Exercise directions | Your answer should hold exactly the lines beginning with the one that contains "Invicta Model 23051" and ending with the last line of the material, both included. Leave every picture out.

Available data |

========================================================================

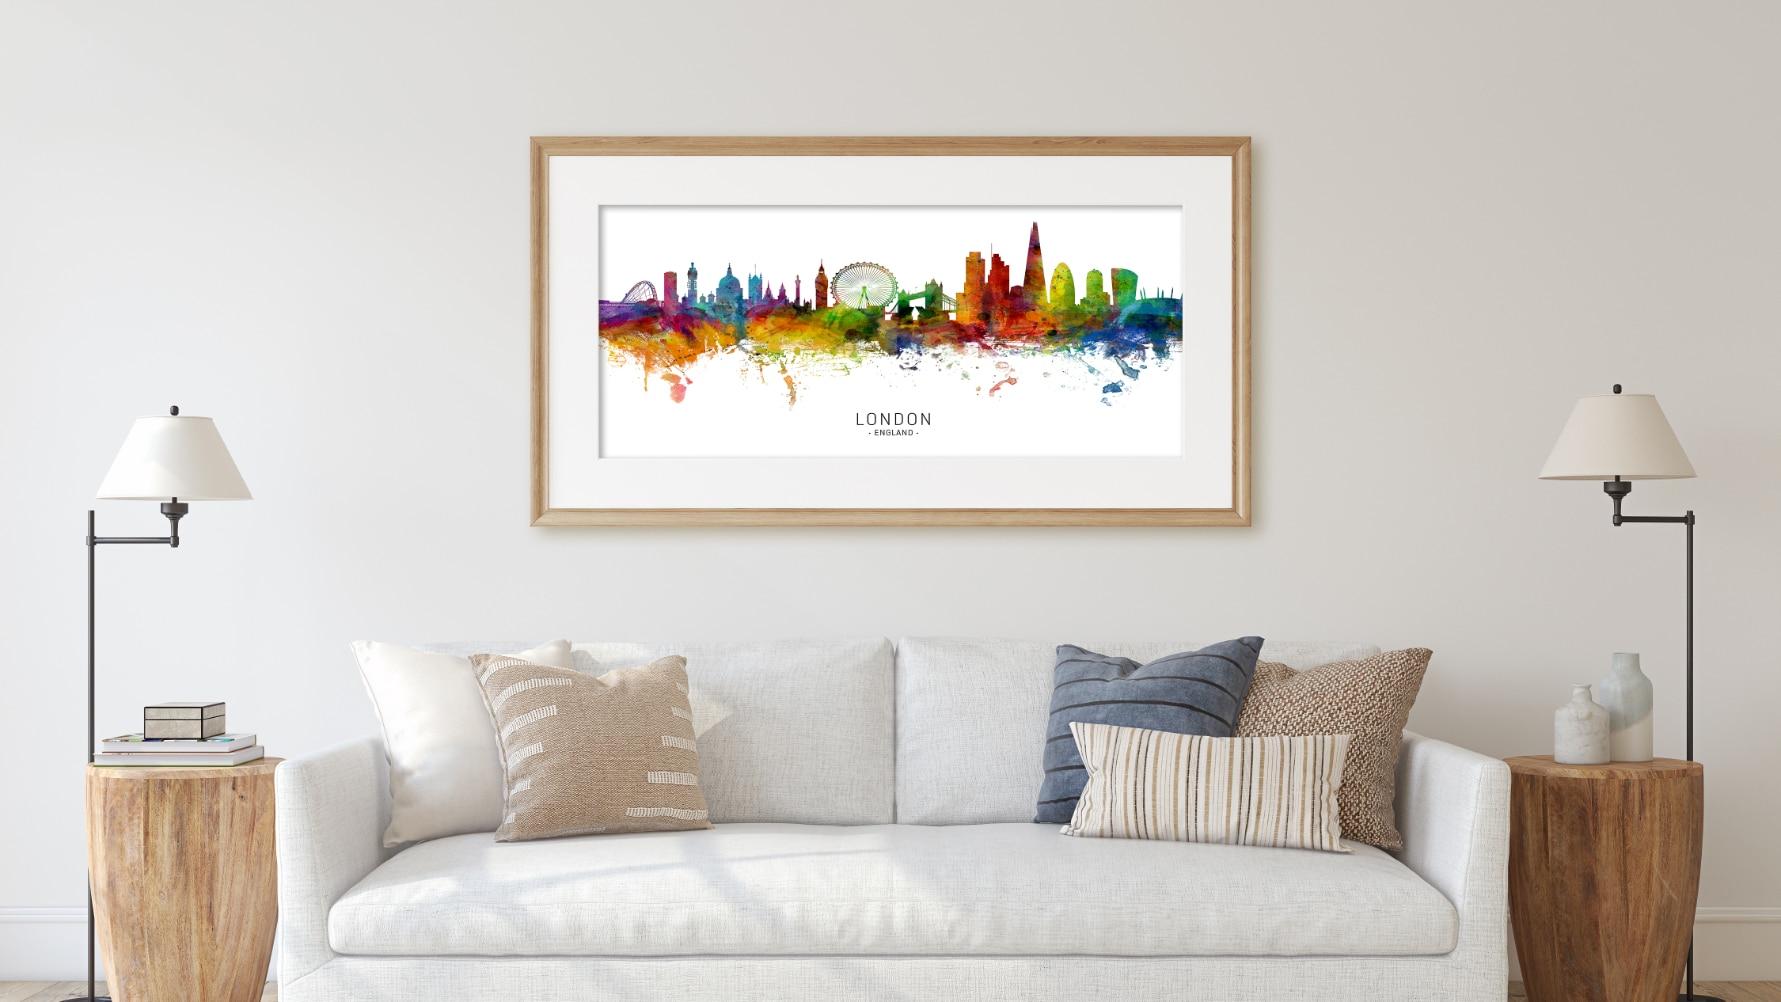 unique digital wall art canvas framed prints
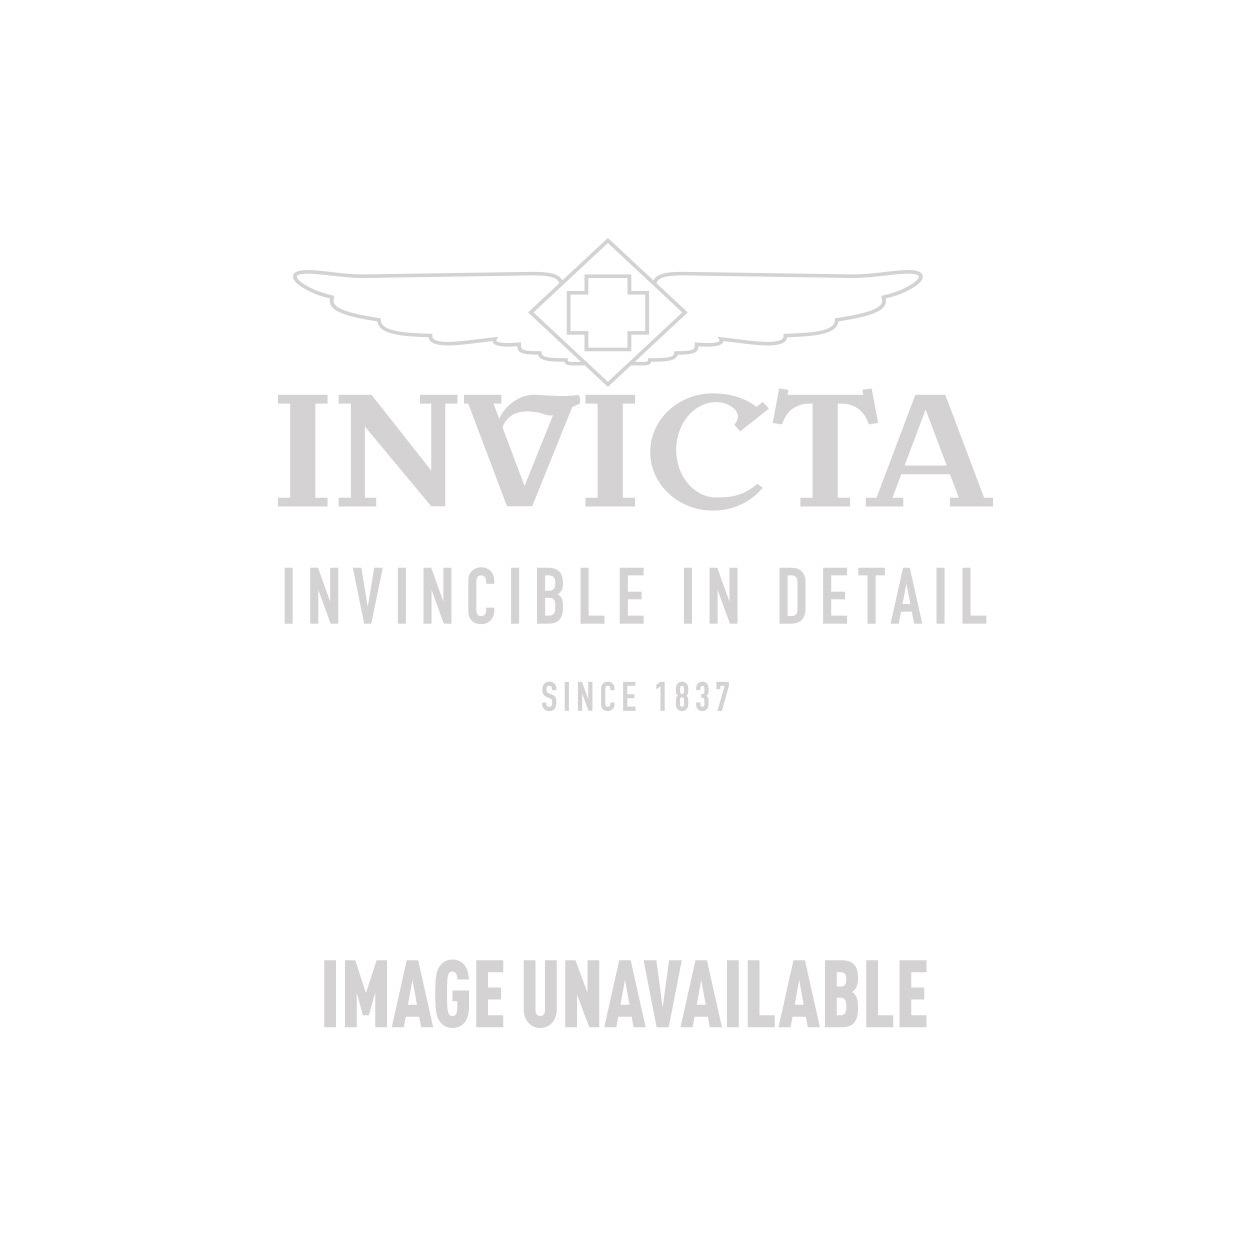 Invicta Model 23051
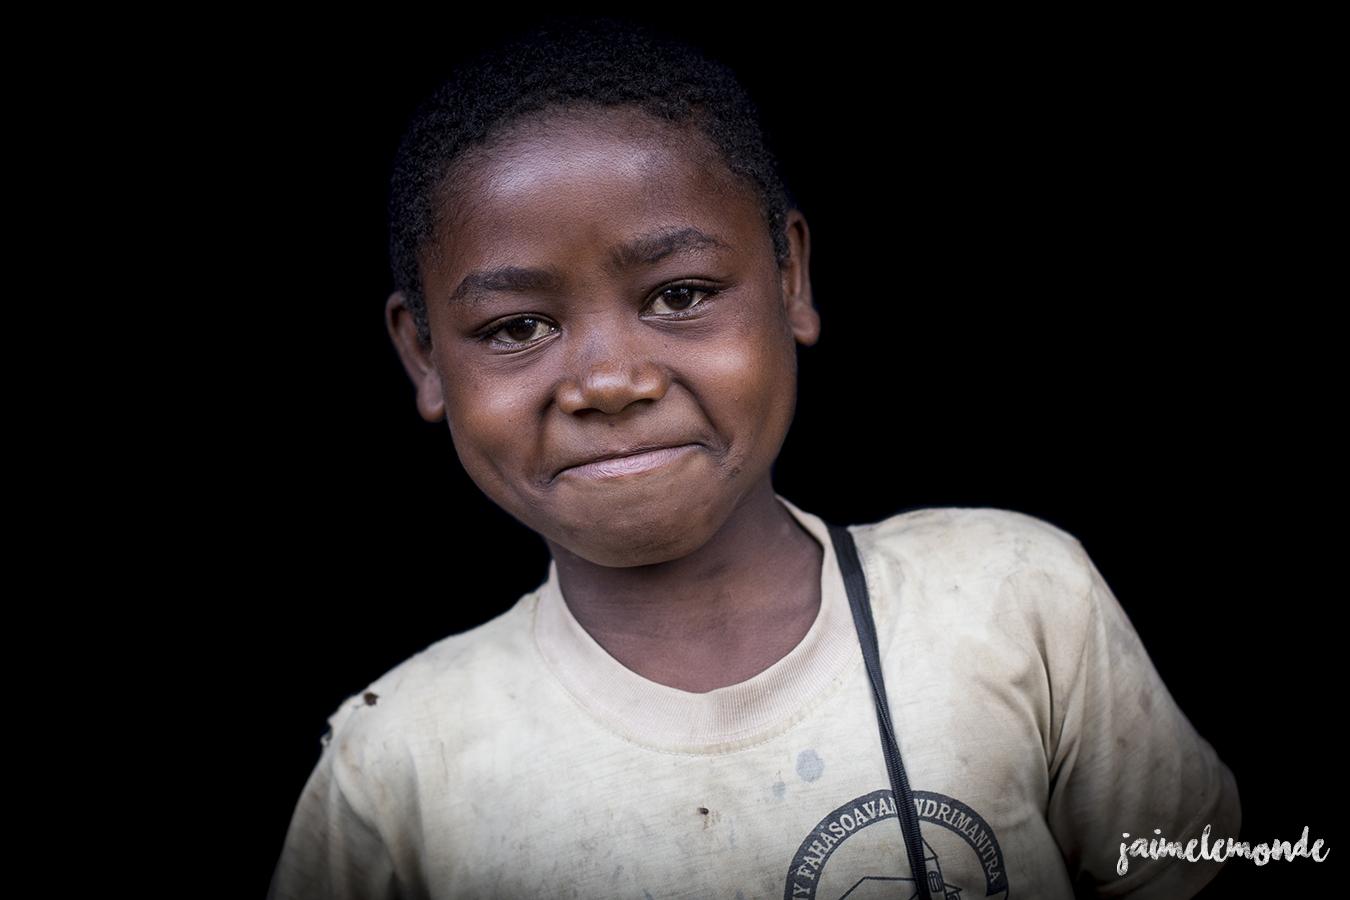 portraits-fond-noir-vohitsaoka-madagascar-jaimelemonde-2

========================================================================

Result |
 Invicta Model 23051
 portraits-fond-noir-vohitsaoka-madagascar-jaimelemonde-2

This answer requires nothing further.